On December 13, 2001, the Company received a term loan under the Credit Agreement to finance the construction of new facilities at its Windham, Maine location. This agreement provided for up to $1.5 million in financing, $53,000 of which was outstanding at June 30, 2009, and is repayable over seven years, with principal payments that began on October 1, 2002. The loan bears a variable interest rate of 100 basis points less than the current Prime Interest Rate. Payments are due monthly, with equal amortization of principal payments plus interest. The Company's annual effective rate of interest on this loan at June 30, 2009 was 2.25%.

On August 21, 2007, the Company received a term loan under the Credit Agreement to finance the construction of new facilities at its Windham, Maine location.
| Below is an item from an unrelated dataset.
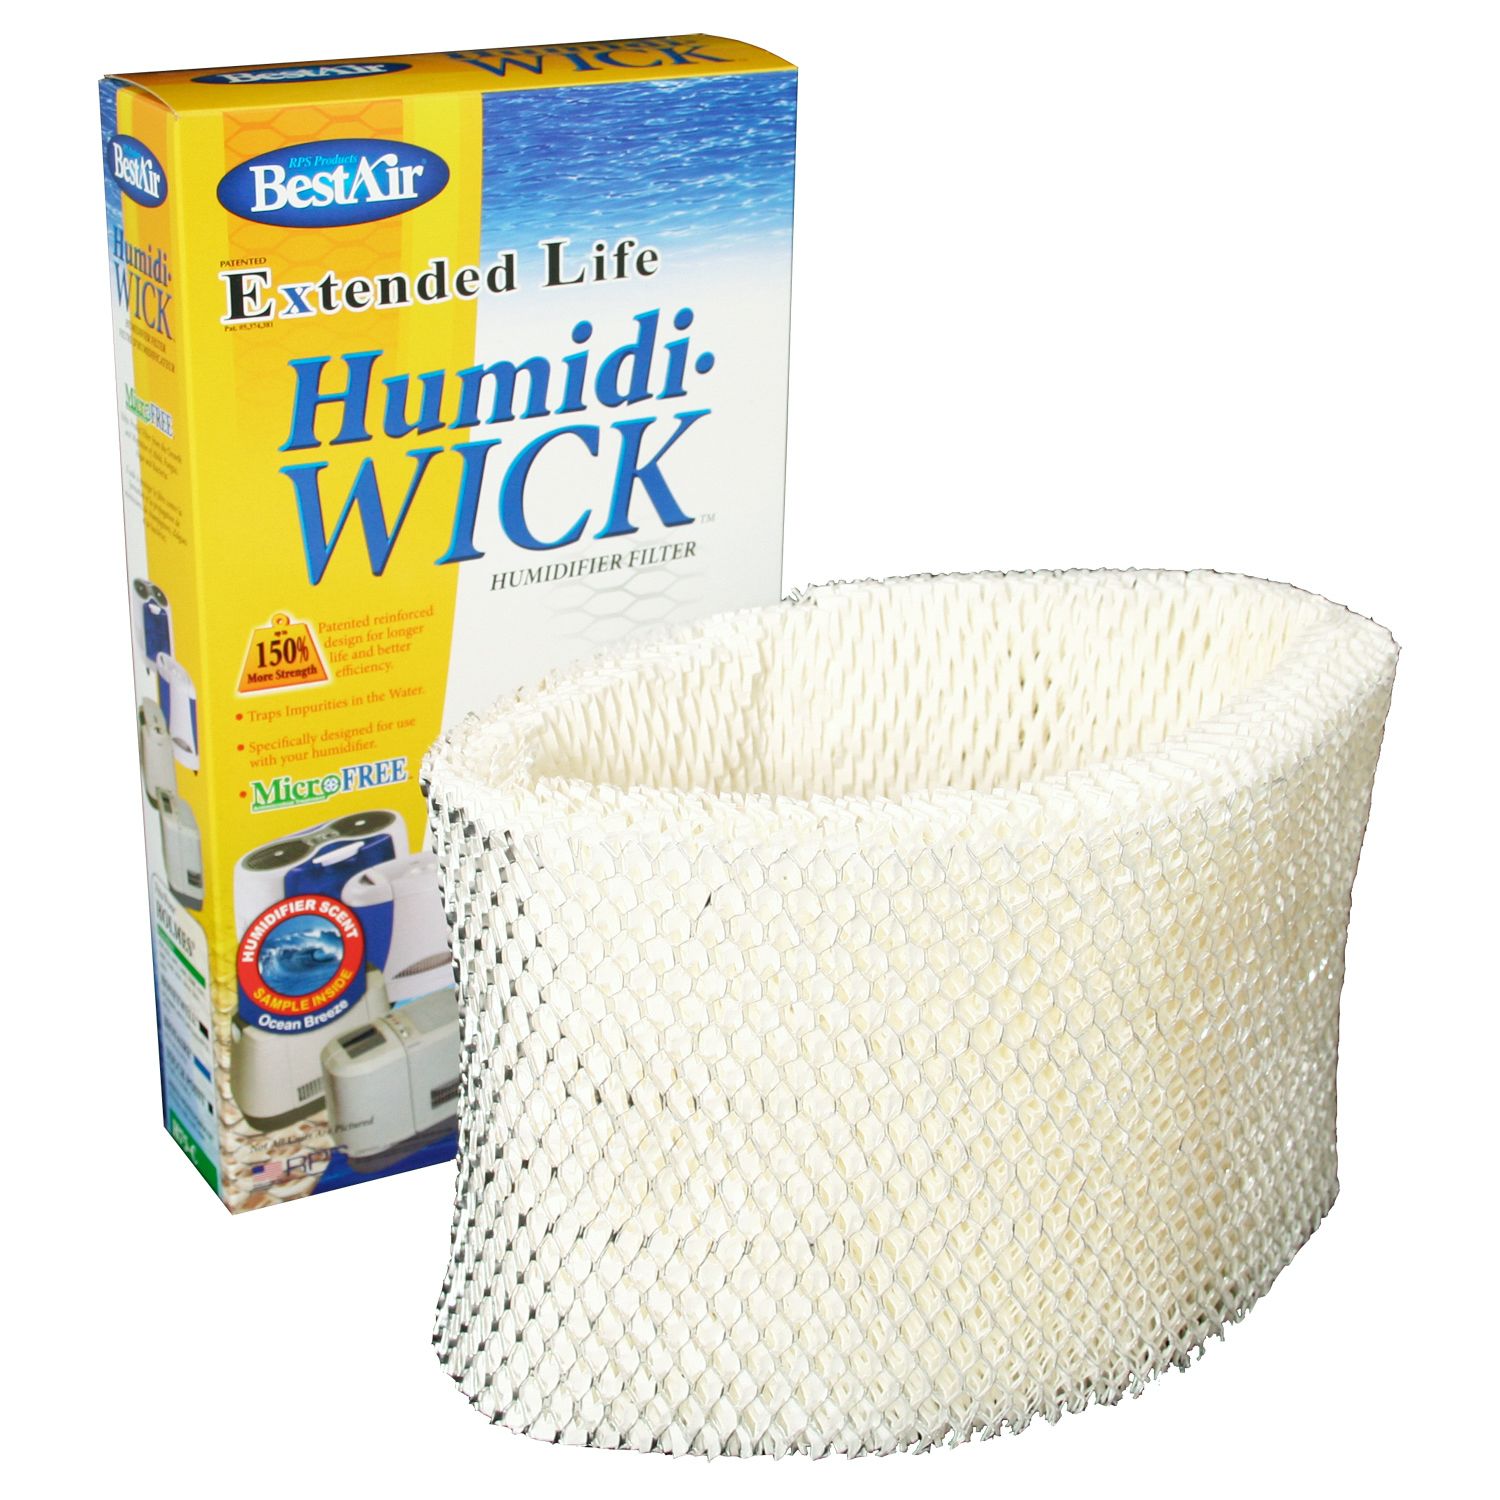 NEW BEST AIR EXTENDED LIFE HUMIDI WICK H75C

This agreement provided for up to $2 million in financing, $1.3 million of which was outstanding at June 30, 2009, and is repayable over five years, with principal payments that began on October 1, 2007. The loan bears a fixed interest rate of 5.96% with equal amortization of principal payments plus interest.
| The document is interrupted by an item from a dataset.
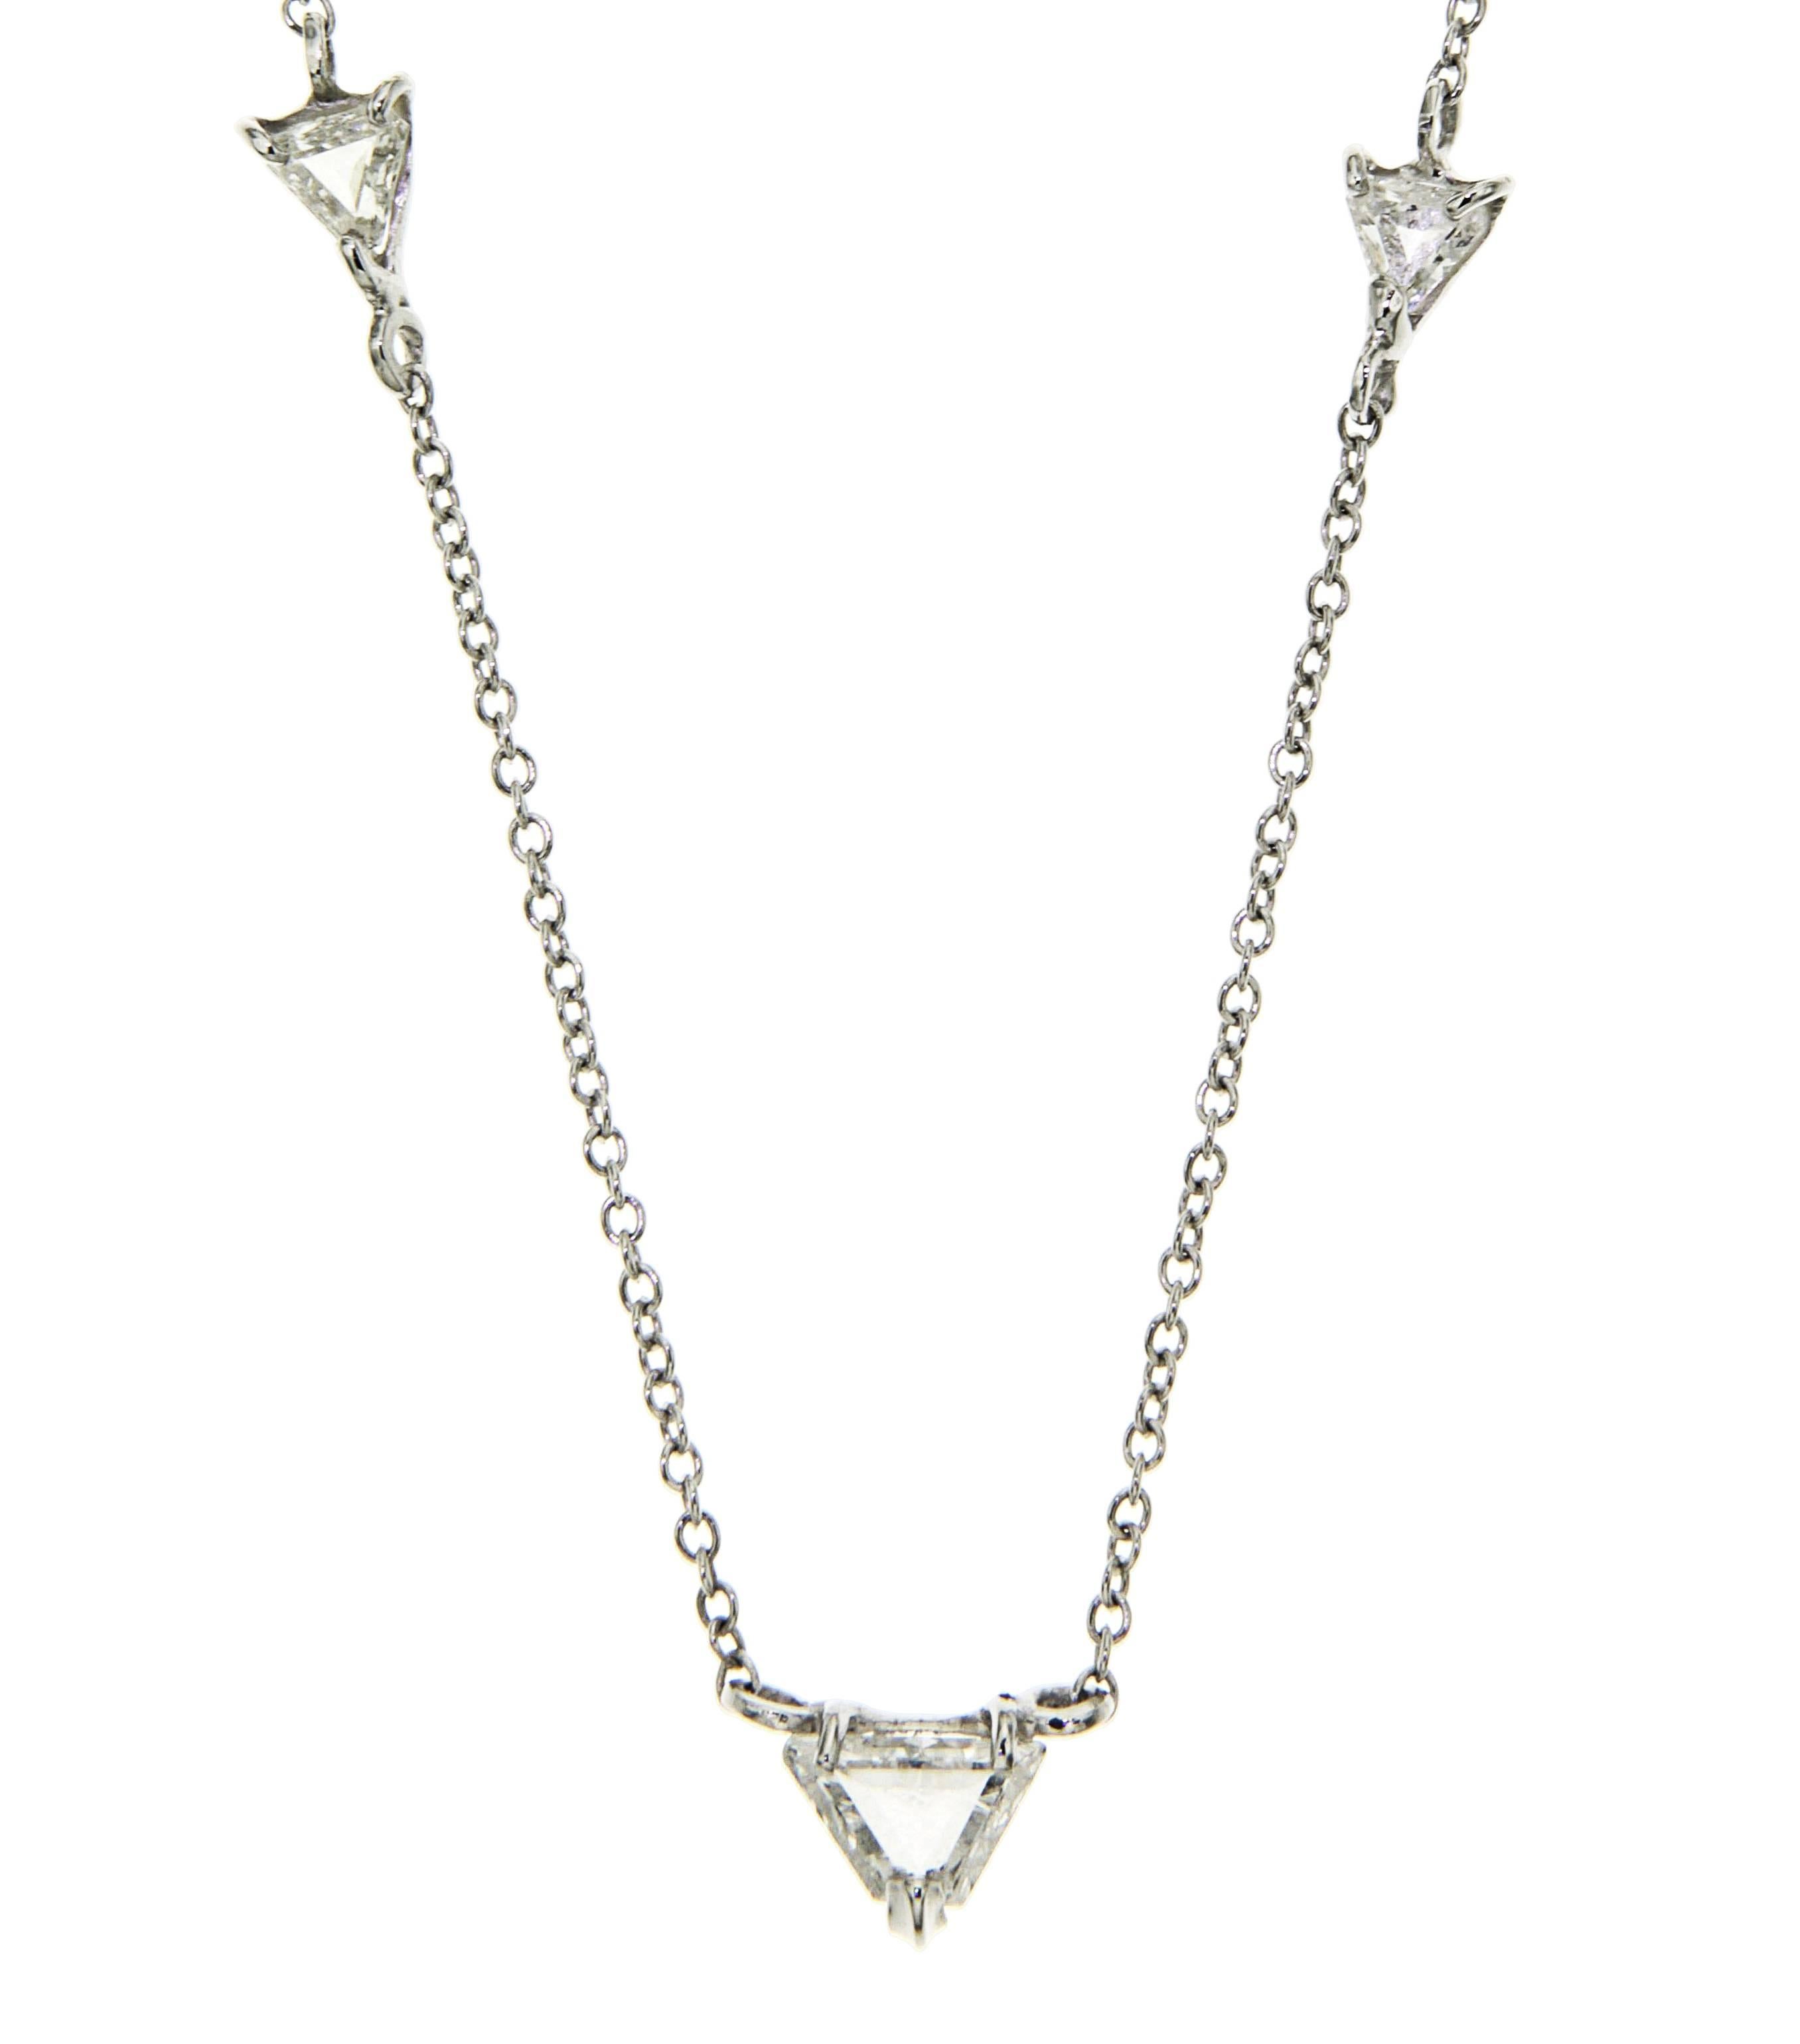 Modern 18 karat white gold necklace with 3 triangle cut diamonds color F clarity VVS1. Central Diamond 0.40 ctw / Lateral Diamonds 0.20 ctw. Total choker length is 400 mm. / 15.748 inches. It is marked with the Italian Gold Mark 750 and Botta

As of June 30, 2009, the outstanding balance on all of the Company's commercial bank debt was $1.4 million. This indebtedness and the Company's $1 million unused line of credit is secured by $2.7 million in restricted cash as required by the May 15, 2009 amendment to the Company's Credit Agreement.


Under the Credit Agreement, the Company was required to meet certain quarterly financial covenants that included maintaining a minimum tangible net worth of not less than $18.5 million and EBITDA of not less than $100,000 for the quarter ended June 30, 2009.

The Company did not meet its financial covenants with respect to its indebtedness at June 30, 2009. The Company received a waiver of the financial covenants relating to the above financing from its commercial bank as of June 30, 2009.

On August 12, 2009, the Credit Agreement was amended to eliminate the revolving line of credit, remove the financial covenants requiring minimum EBITDA and tangible net worth amounts, and reduce the restricted cash requirement from $2.7 million to $1.25 million.

For the six months ended June 30, 2009, the Company satisfied all of its cash requirements from cash available and on-hand. At June 30, 2009, the Company had $1.4 million in debt and $20.5 million in stockholders' equity.

Based upon its cash and cash equivalents on hand, credit facilities, current product sales and the anticipated sales of new products, the Company believes it has, or has access to, sufficient resources to meet its operating requirements through the next 12 months. The Company's ability to meet its long-term capital needs will depend on a number of factors, including compliance with existing and new loan covenants, the success of its current and future products, the focus and direction of its research and development programs, competitive and technological advances, future relationships with corporate partners, government regulation, the Company's marketing and distribution strategy, its successful sale of additional common stock and/or the Company successfully locating and obtaining other financing, and the success of the Company's plan to make future acquisitions. Accordingly, no assurance can be given that the Company will be able to meet the future liquidity requirements that may arise from these inherent and similar uncertainties.